**PROBLEM REQUIREMENTS:**
Once the line containing "Lamp bases only: 26" is found in the entries below, restate it and each following line word for word, stopping after the line containing "Veuve Clicquot's Solaire".

RECORDED INFORMATION Block Start

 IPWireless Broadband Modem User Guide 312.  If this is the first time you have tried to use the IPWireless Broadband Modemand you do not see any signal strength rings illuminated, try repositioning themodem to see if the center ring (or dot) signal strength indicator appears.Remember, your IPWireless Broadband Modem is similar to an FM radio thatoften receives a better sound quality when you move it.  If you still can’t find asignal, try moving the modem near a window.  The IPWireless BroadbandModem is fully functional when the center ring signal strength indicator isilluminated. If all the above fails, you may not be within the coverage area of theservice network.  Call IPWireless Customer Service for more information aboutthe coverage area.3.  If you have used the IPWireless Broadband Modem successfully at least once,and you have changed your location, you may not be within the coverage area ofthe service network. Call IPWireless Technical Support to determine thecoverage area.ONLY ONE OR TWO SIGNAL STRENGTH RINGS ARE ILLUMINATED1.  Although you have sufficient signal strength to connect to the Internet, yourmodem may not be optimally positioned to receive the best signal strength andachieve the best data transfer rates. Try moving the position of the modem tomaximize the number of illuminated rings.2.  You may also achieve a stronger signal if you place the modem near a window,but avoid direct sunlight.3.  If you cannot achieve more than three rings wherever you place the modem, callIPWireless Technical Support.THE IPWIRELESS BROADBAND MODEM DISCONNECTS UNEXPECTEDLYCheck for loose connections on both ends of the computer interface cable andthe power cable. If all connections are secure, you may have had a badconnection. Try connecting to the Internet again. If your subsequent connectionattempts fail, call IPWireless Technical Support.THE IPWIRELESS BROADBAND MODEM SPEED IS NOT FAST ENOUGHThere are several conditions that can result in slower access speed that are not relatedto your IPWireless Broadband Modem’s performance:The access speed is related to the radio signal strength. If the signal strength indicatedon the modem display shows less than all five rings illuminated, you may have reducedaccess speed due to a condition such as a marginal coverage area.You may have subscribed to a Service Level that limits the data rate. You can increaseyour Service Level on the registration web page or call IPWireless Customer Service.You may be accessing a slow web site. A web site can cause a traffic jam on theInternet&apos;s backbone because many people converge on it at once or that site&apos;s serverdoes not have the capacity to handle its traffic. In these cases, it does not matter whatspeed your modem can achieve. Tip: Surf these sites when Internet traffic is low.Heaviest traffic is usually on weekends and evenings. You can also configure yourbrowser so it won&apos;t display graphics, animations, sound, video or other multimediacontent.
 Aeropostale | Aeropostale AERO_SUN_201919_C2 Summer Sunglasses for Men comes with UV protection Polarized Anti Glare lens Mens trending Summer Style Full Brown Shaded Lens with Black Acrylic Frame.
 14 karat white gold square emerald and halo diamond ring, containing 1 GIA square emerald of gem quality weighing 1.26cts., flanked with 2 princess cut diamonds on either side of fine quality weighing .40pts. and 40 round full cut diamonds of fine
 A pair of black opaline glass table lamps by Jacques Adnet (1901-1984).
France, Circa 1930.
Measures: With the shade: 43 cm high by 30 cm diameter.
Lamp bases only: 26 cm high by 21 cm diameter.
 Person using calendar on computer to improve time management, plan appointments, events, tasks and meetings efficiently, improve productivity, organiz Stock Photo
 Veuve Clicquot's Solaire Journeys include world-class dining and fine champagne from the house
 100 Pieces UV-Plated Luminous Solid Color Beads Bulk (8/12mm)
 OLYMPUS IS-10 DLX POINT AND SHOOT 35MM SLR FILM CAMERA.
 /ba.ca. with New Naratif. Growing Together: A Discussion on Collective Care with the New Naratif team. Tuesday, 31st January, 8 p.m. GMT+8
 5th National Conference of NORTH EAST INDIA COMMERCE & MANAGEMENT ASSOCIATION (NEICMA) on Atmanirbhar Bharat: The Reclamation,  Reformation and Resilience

RECORDED INFORMATION Block End

**ANSWER:**
Lamp bases only: 26 cm high by 21 cm diameter.
 Person using calendar on computer to improve time management, plan appointments, events, tasks and meetings efficiently, improve productivity, organiz Stock Photo
 Veuve Clicquot's Solaire Journeys include world-class dining and fine champagne from the house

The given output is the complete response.